RECORDS FOR THE EXERCISE>
· · · · ·
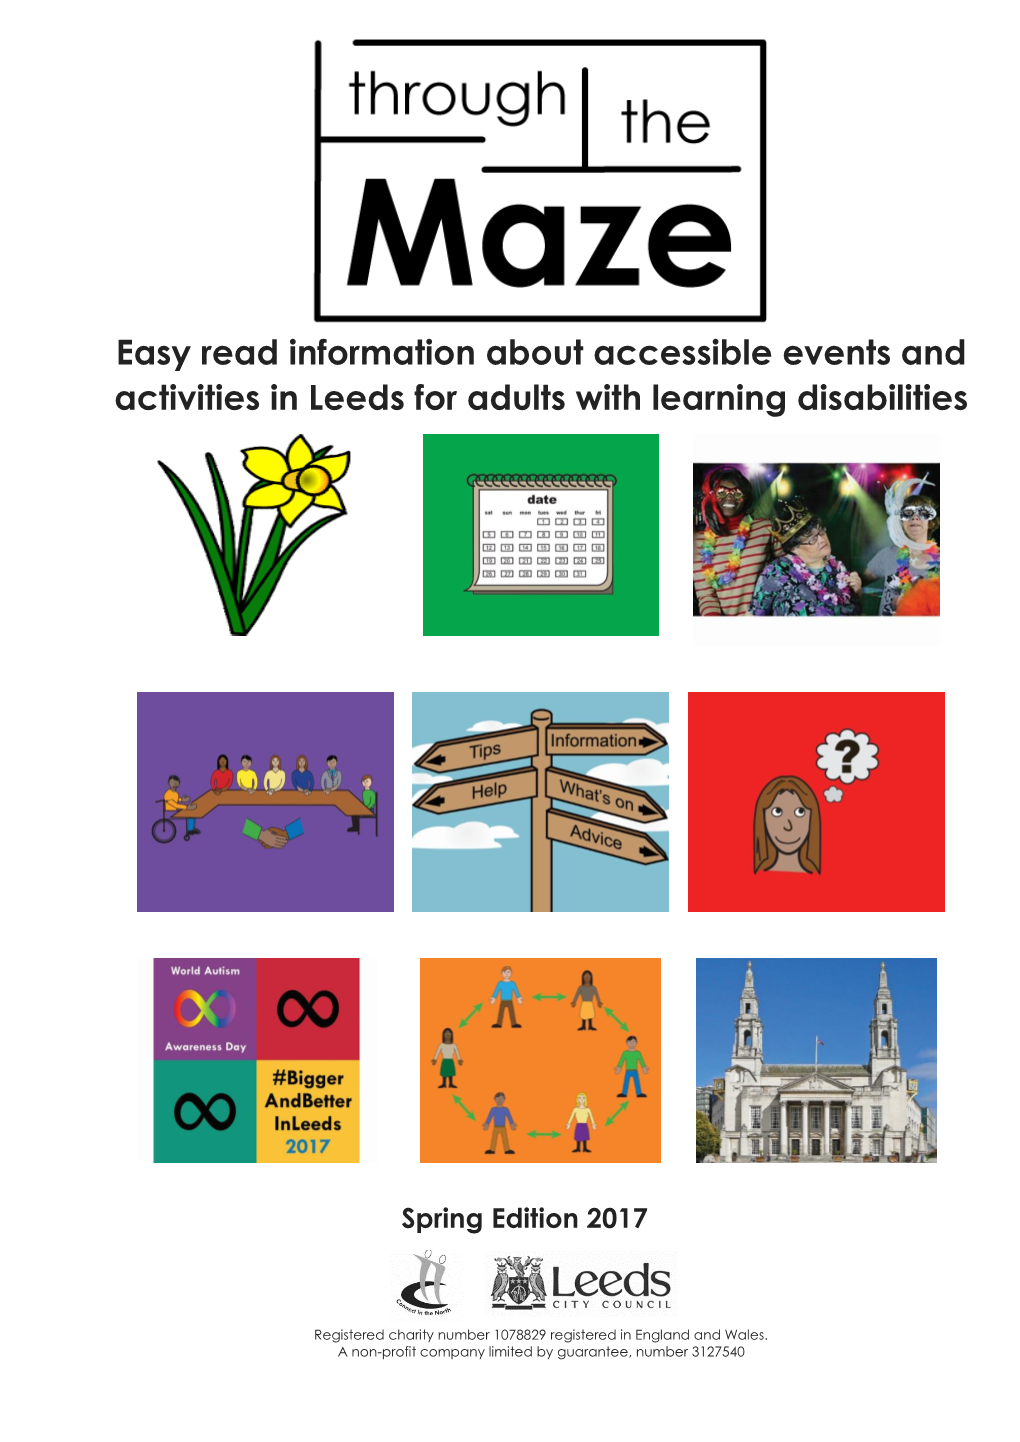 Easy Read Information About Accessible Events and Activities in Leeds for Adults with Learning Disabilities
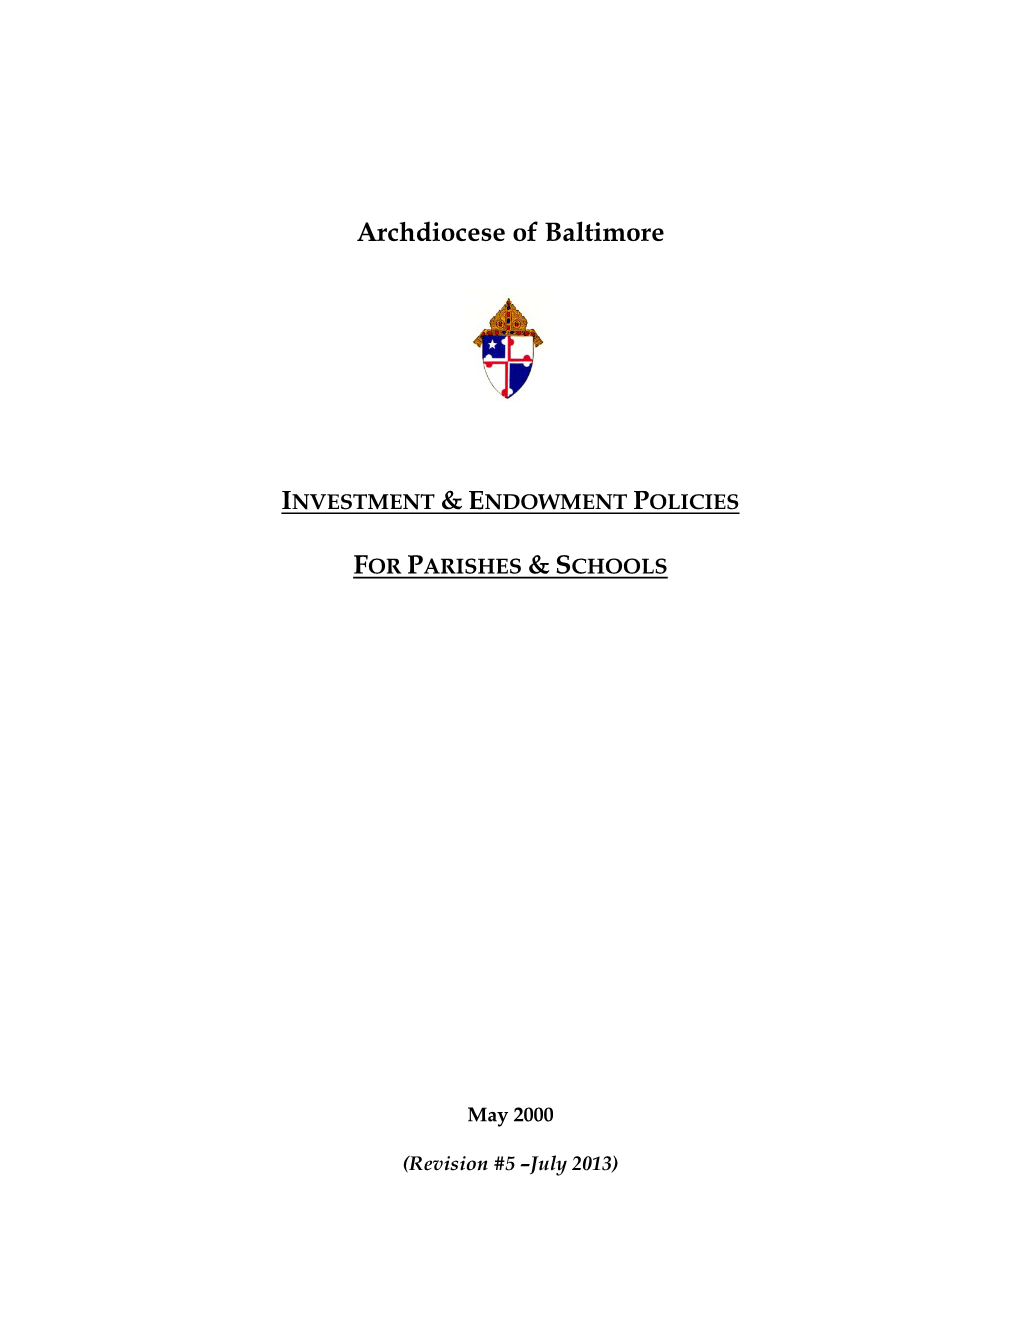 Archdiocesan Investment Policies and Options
· · · · ·
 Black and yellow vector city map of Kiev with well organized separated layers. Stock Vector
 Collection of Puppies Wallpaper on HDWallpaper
· · · · ·
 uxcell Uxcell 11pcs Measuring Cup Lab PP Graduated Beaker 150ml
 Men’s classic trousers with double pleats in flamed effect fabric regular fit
· · · · ·
TASK GOAL>
Of all the entries above, repeat only the lines from the line that has "uxcell Uxcell 11pcs" to the line that has "Men’s classic trousers", both lines included, exactly.

RESPONSE TO THE EXERCISE>
 uxcell Uxcell 11pcs Measuring Cup Lab PP Graduated Beaker 150ml
 Men’s classic trousers with double pleats in flamed effect fabric regular fit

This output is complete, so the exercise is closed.